== INFORMATION SUPPLIED ==

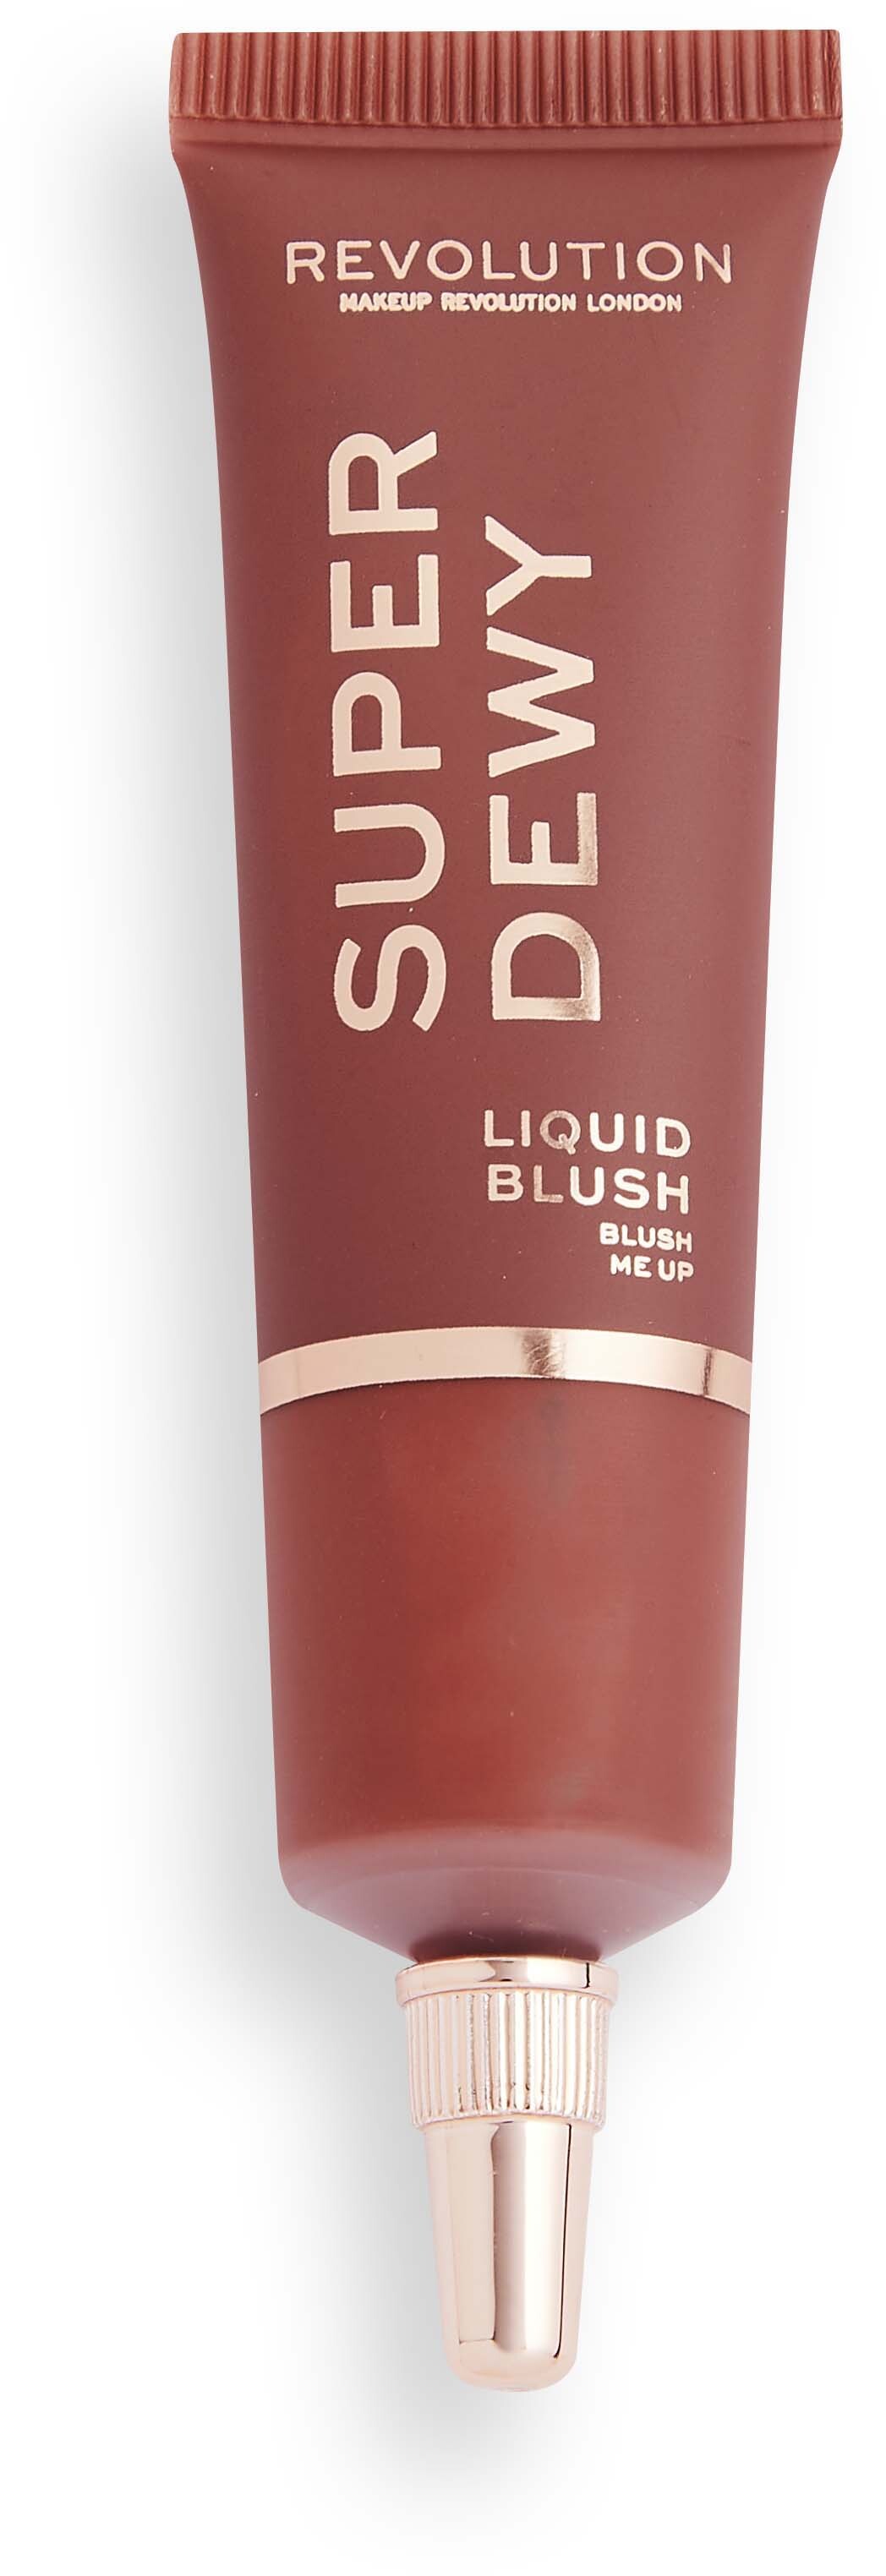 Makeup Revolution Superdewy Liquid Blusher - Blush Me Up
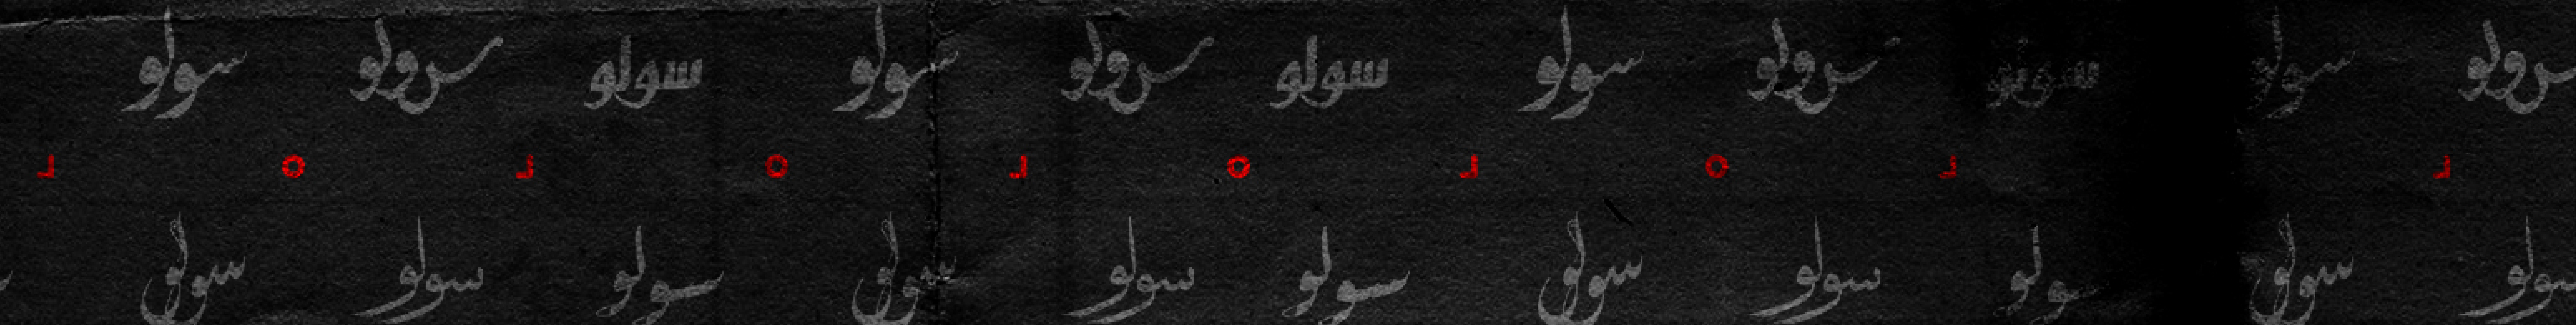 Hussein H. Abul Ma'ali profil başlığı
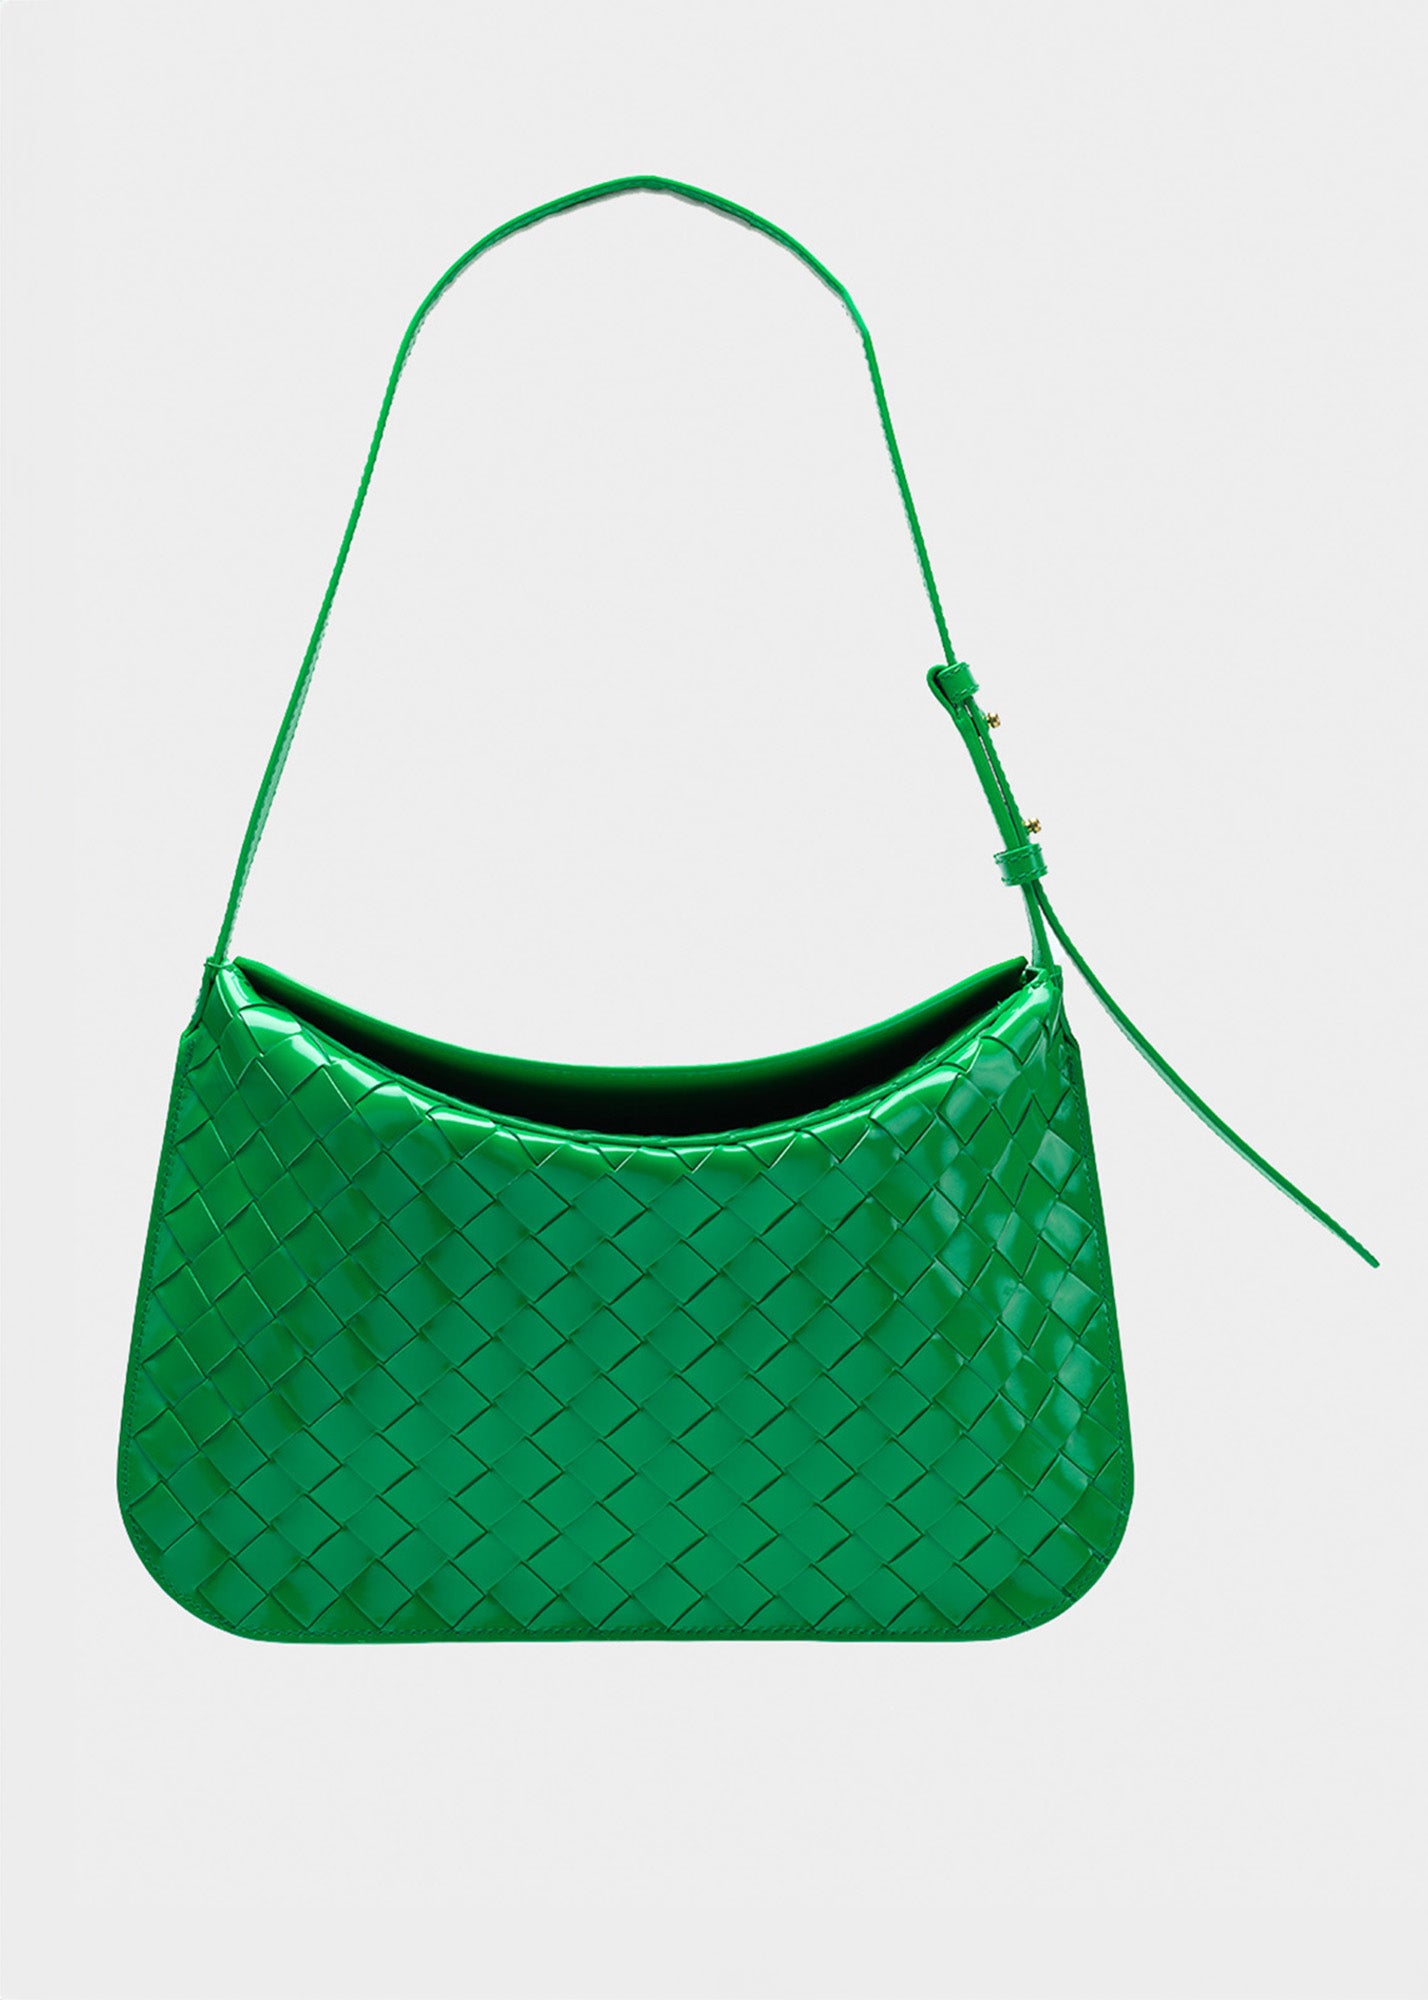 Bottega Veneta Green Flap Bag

===

- [YOUR TASK]:
Any picture in the data is to be skipped, while each line is returned exactly as written.

- [OUTPUT BELOW]:
 Makeup Revolution Superdewy Liquid Blusher - Blush Me Up
 Hussein H. Abul Ma'ali profil başlığı
 Bottega Veneta Green Flap Bag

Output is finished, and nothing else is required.